I grew up a Kentucky hillbilly, so actually English is my second language. I still consider Appalachian to be my native tongue, though somehow that’s never impressed employers when I say I’m bilingual.
But regardless of the language, I always just assumed every word I encountered would be in the dictionary. Imagine my confusion, then, the first time I read Lewis Carroll’s famous nonsense poem, “Jabberwocky.” You remember it, right? It’s the one that begins—
"’Twas brillig , and the slithy toves
Did gyre and gimble in the wabe . . ."
Brillig? Slithy? I went to the dictionary. Hey, what gives? The words weren't there. Did this Lewis guy just make them up on the spot?
Wasn’t that against the law or something?
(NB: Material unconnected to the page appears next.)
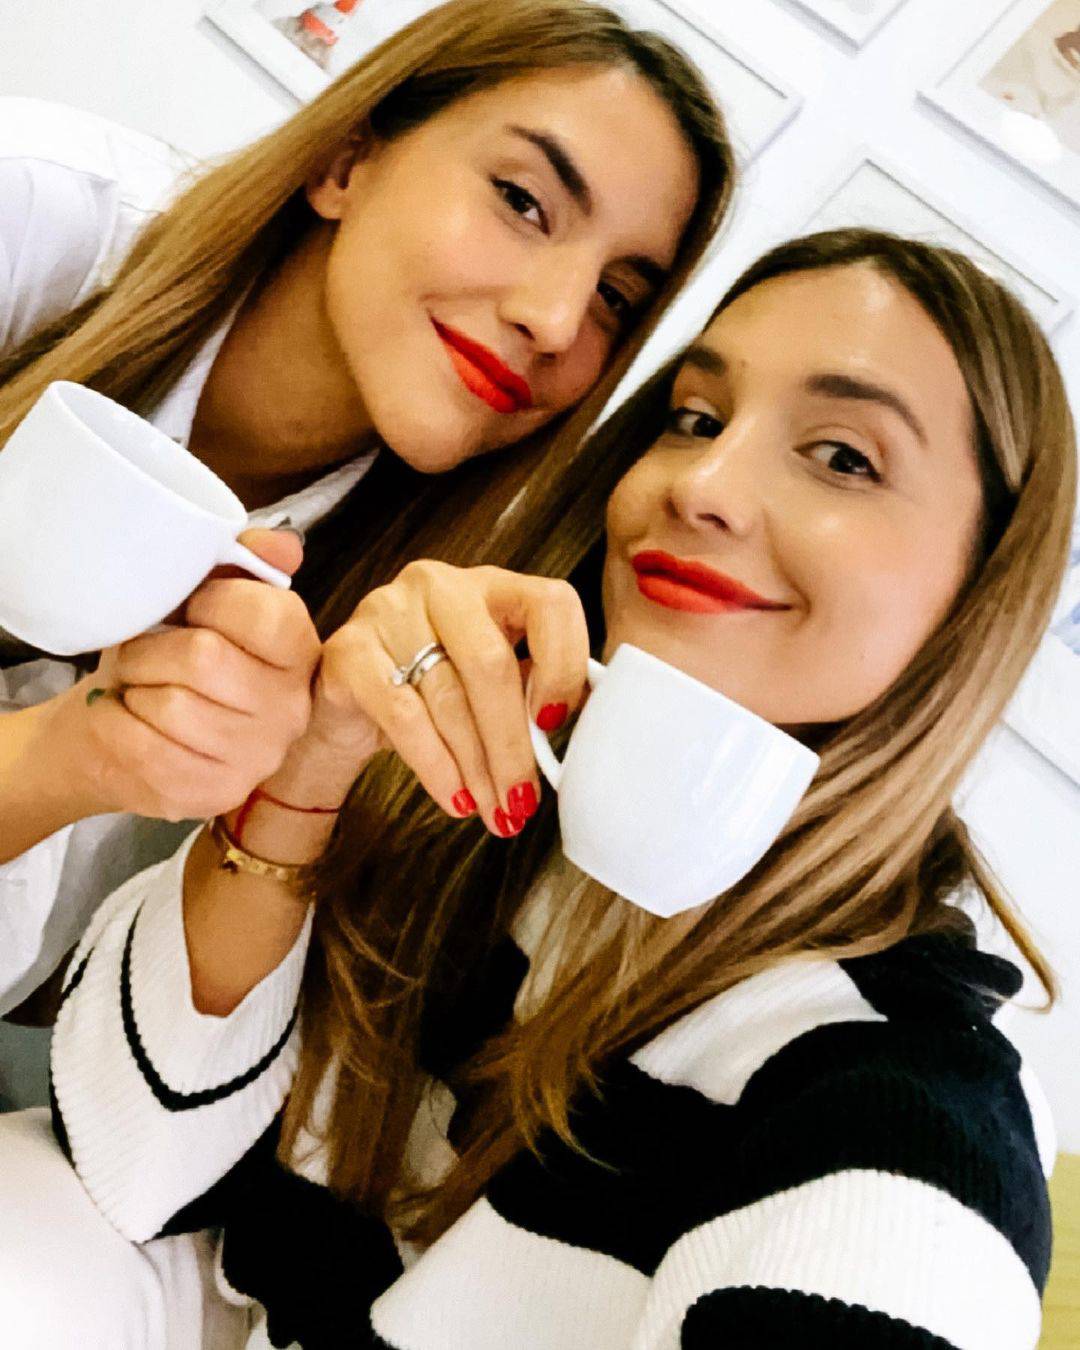 Marijana Batinić objavila fotku s mlađom sestrom: 'Vas dvije skroz iste, prave ste ljepotice'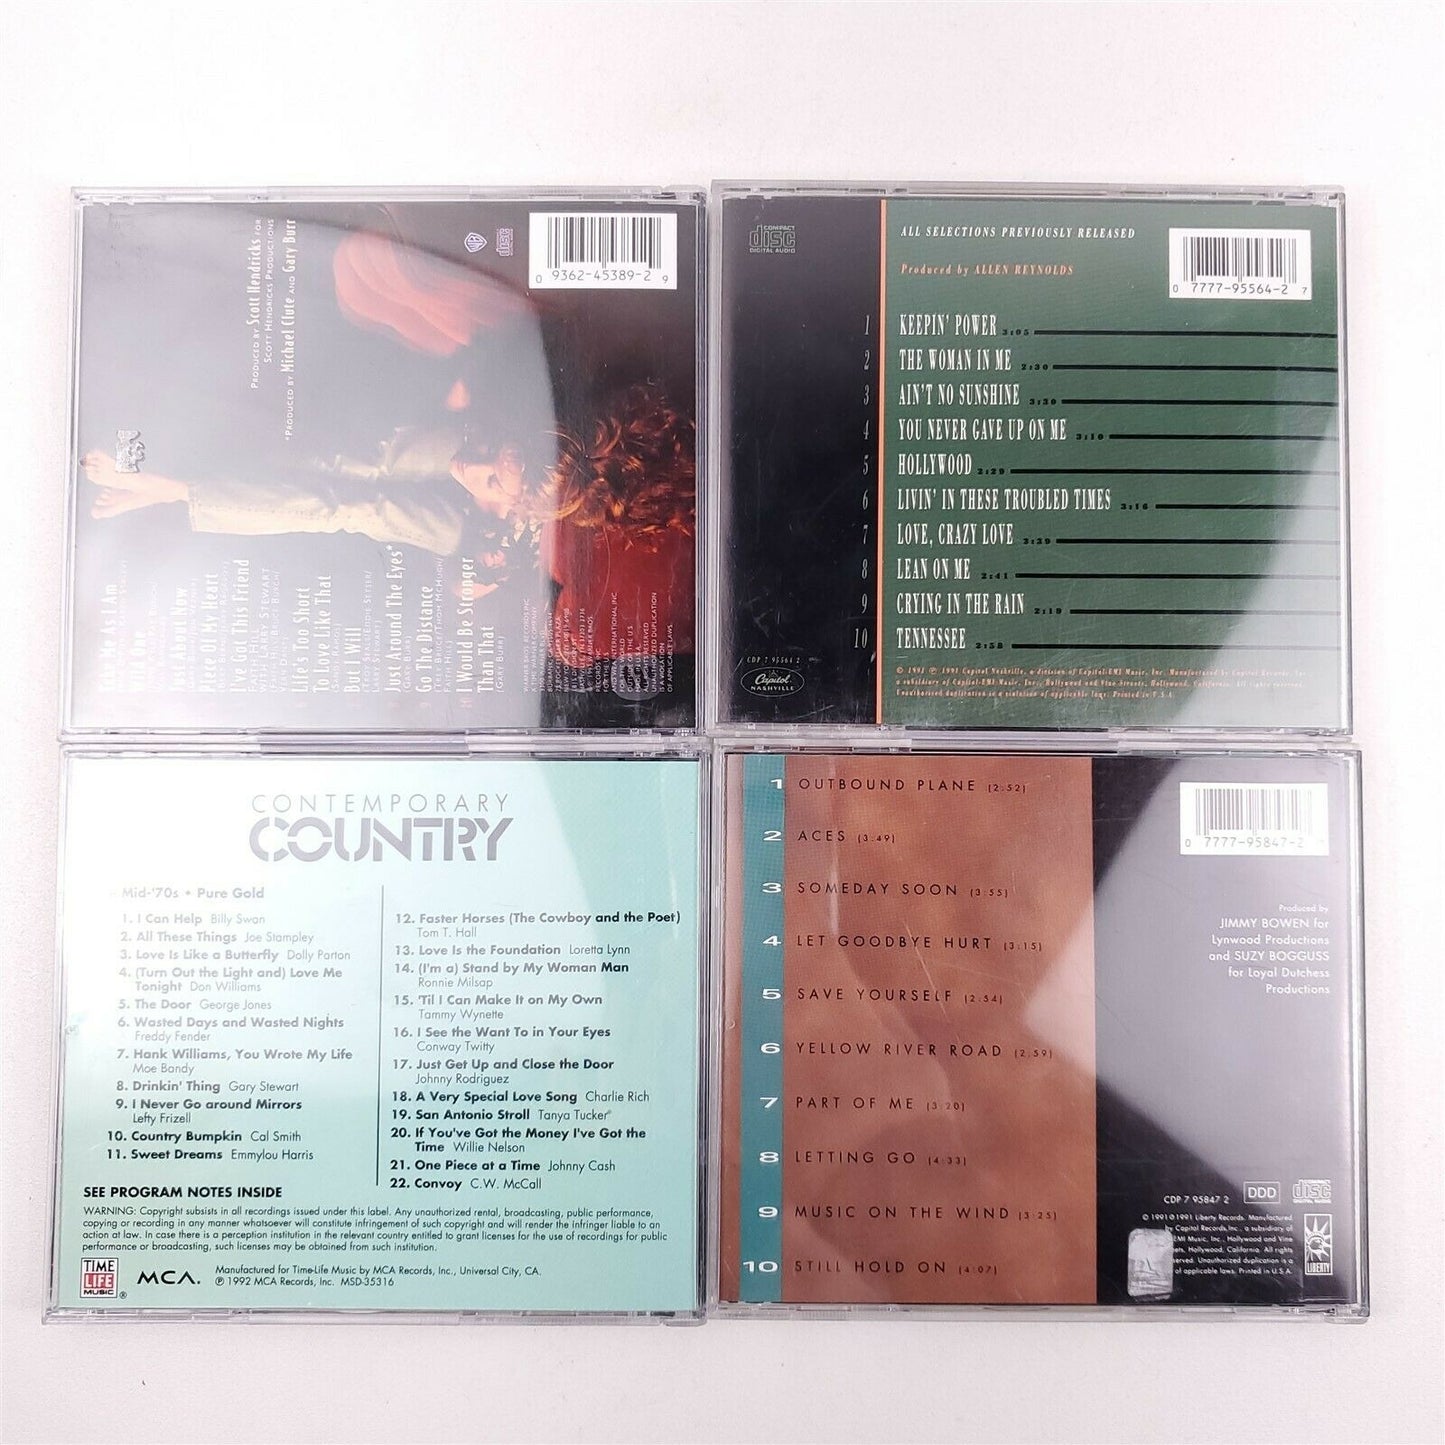 8 Female Country Artist CD's - Faith Hill, Tanya Tucker, Suzy Bogguss

“Jabberwocky” taught me the broader concept of neologisms, or “new words.” New words enter the lexicon all the time, often in the form of slang, and sometimes they catch on with the public and become commonly used.
Once that happens, the neologism passes through the velvet rope and enters the dictionary, that decadent Studio 54 of language (all the hip words either hang out there or at Thesaurus, the new bar on 30th. I don’t like the new place myself—the drinks are expensive. Even pricey. Sometimes downright exorbitant).
Anyway, the latest member of the club appears to be selfie, which the Oxford Dictionary just declared 2013’s Neologism of the Year .
The selfie, if you don’t know, is a photo you take of yourself, often with your cellphone and usually standing in front of a mirror. Clothes are optional. Selfies are typically posted to social media sites like Facebook. Many guys, particularly politicians, also send their selfies to girlfriends, wives or mistresses, thereby providing perfect blackmail material once the relationship sours. I guess at that point the pictures become selfie-defeating.
If you’ve forgiven me for the pun, I’d like to enlist your help in promoting my own neologism: fillibious.
Catchy, huh? It already sounds like a word that should exist, so that’s half the battle right there. I need you to start using fillibious in casual conversation and then act surprised when you’re asked about it. Feel free to make up your own definition—I don’t care. Use it in emails and in Facebook posts. Tweet it to your followers. Insert it into your homework. Variants are okay as well. If your co-worker is annoying you, make sure your complaint to her supervisor also furthers our secret goal: “Anna’s fillibiousness is really getting out of hand, John!”
With luck and determination, fillibious will be the Neologism of the Year for 2014. And it’ll all be because of you, the patrons of the Jefferson County Public Library.
That’ll be pretty darn fillibial if you ask me.